Snolep over 1 year ago
“None of your business “ seems a remark more in character with Rat than innocent, sweet tempered Pig.
sarah413 Premium Member over 1 year ago
I can’t seem to face up to the facts
I’m tents and nervous and I can’t relax
Don’t touch me, I’m a real live wire.
Psycho Killer.
CaveCat87 over 1 year ago
Like I said, a lot of this kind of trouble would be avoided if anyone bothered to be specific about these things when talking to Pig. For instance, the guy could have just said “Would you like some tents?” instead of just “Tents?”.
Zebrastripes over 1 year ago
I agree with PIG ‼️. There is NO customer service‼️
marshalljpeters Premium Member over 1 year ago
I generally only use one tent when I go camping.
198.23.5.11 over 1 year ago
MR.FIELDS:Costello will never be able to do it.His brain is too tense.
ABBOTT:Too tense?
MR.FIELDS—Yeah.Two-tenths the size of a normal brain.
skysoxwiz over 1 year ago
Blind man swinging dog around in department store….“no, I’m just looking around!” Can’t remember(or better not try) the one about the hairlip buying camping equipment ad infinitum…
gmu328 over 1 year ago
some people get tense with a salesperson looking over their shoulders
Radish the wordsmith over 1 year ago
Now is the winter of our discount tents.
KEA over 1 year ago
can’t stand a pup tent for two… it’s two in tents.

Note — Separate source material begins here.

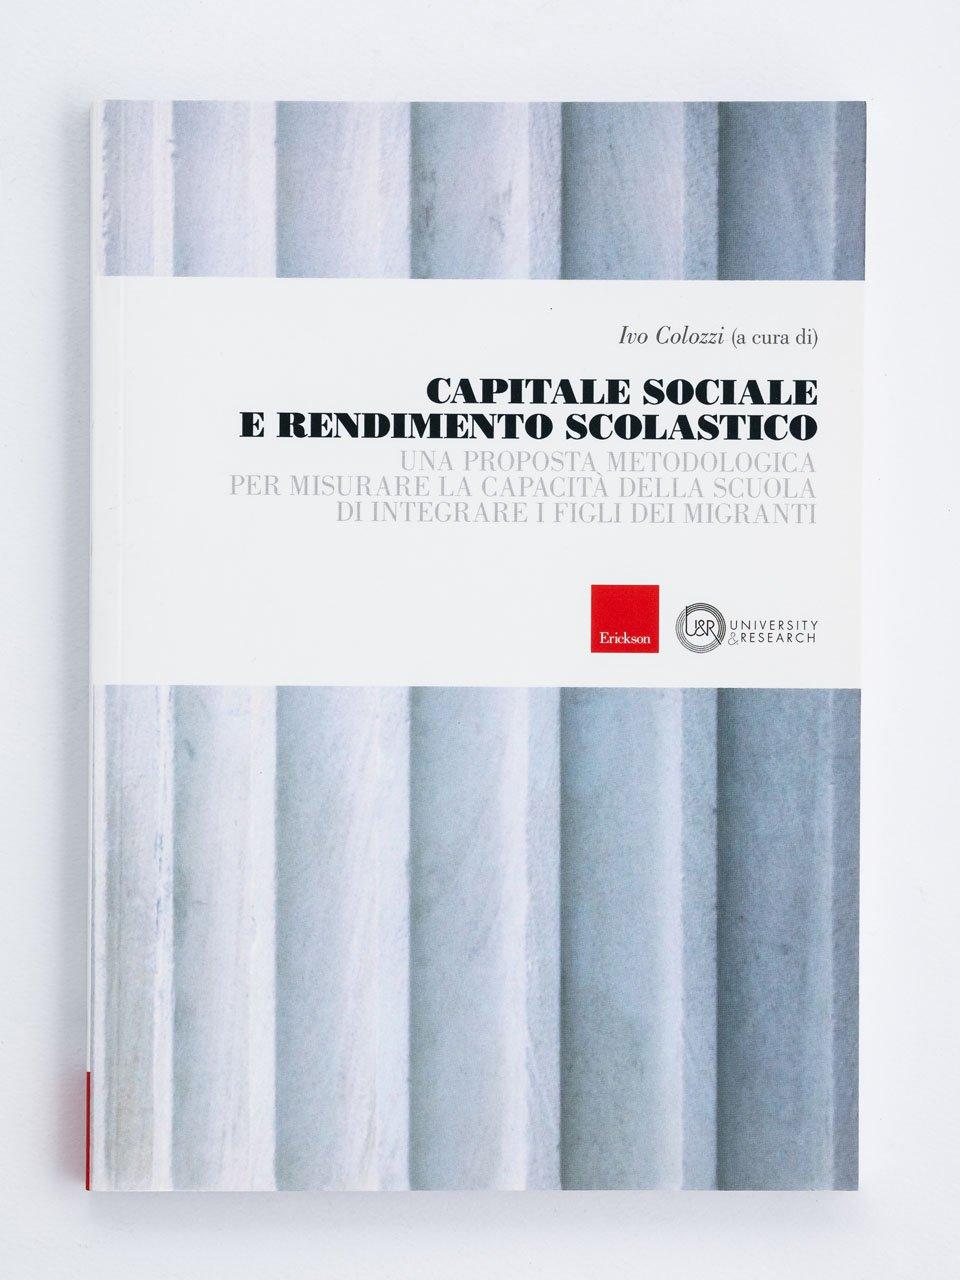 Capitale sociale e rendimento scolastico - Career counseling - Libri - Erickson

proclusstudent over 1 year ago
Camping the guy who was running a “the World is ending Real Soon Now” on a specified date scam? These have been going on for over 1900 years.
willie_mctell over 1 year ago
In a Max Schulman book the protagonist was meeting his college advisor. The advisor had some leather shoelaces in his hand. He showed them to the kid and asked, “What are these?” The kid replied, “Thongs.” The advisor beamed and said, “You’re welcome.”
cmxx over 1 year ago
This brought back memories of ancient elementary school, when my teachers often required complete-sentence answers.

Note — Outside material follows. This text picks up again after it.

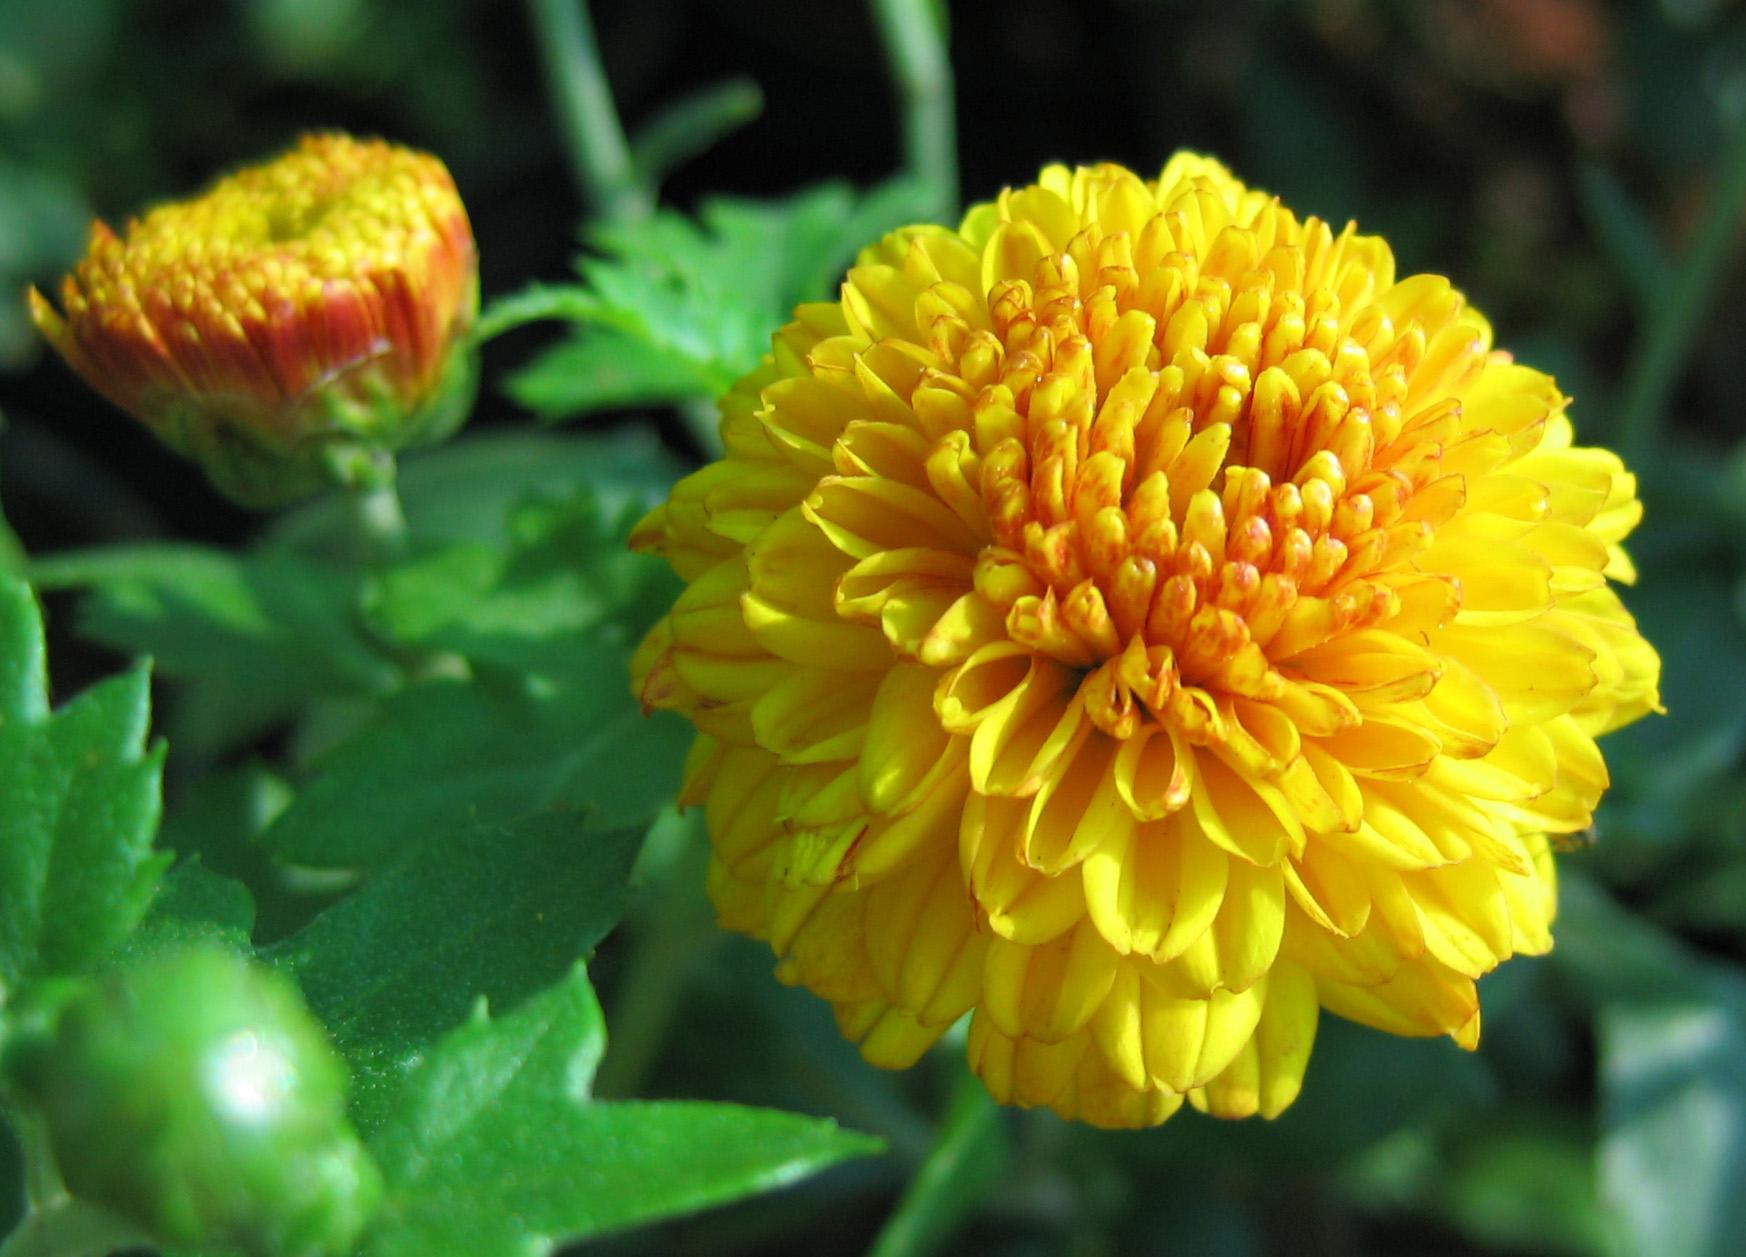 Fileyellow Flowers 3g Wikimedia Commons

Ceeg22 Premium Member over 1 year ago
Oh, I’m passed tents
Buoy over 1 year ago
Did he get the boot? Oh, no, looks like he is barefooted.
LilPeruna over 1 year ago
‘Tents?’ ‘Oh, I’m WAY past tents!’
JasonBall over 1 year ago
He just did this exact joke on December 27th, 2022.
Otis Rufus Driftwood over 1 year ago
Pig’s literalism doesn’t quite work here.
Sisyphos over 1 year ago
Yikes, Pig! Are your ears clogged with bacon grease so that you can’t tell apart tents and tense?!
Or should we just blame Cartoon-Boy, as usual?
Birdman47 over 1 year ago
Doing it tough in tents builds character.
Wizard4168 over 1 year ago
Reminds me of a story I heard years ago. A woman was trying to buy a sextant (For those not familiar, it’s an instrument used in celestial navigation.) as a birthday gift for her nautical enthusiast husband. When she asked a clerk at a sporting goods/outdoor store if they sold sextants, his embarrassed response? “We just sell tents, ma’am. What you do in them is your business.”
Swirls Before Pine over 1 year ago
These days the only camping that I still do is to attack my opponents as soon as they spawn.
Sailor46 USN 65-95 over 1 year ago
Almost as hard as finding good customers.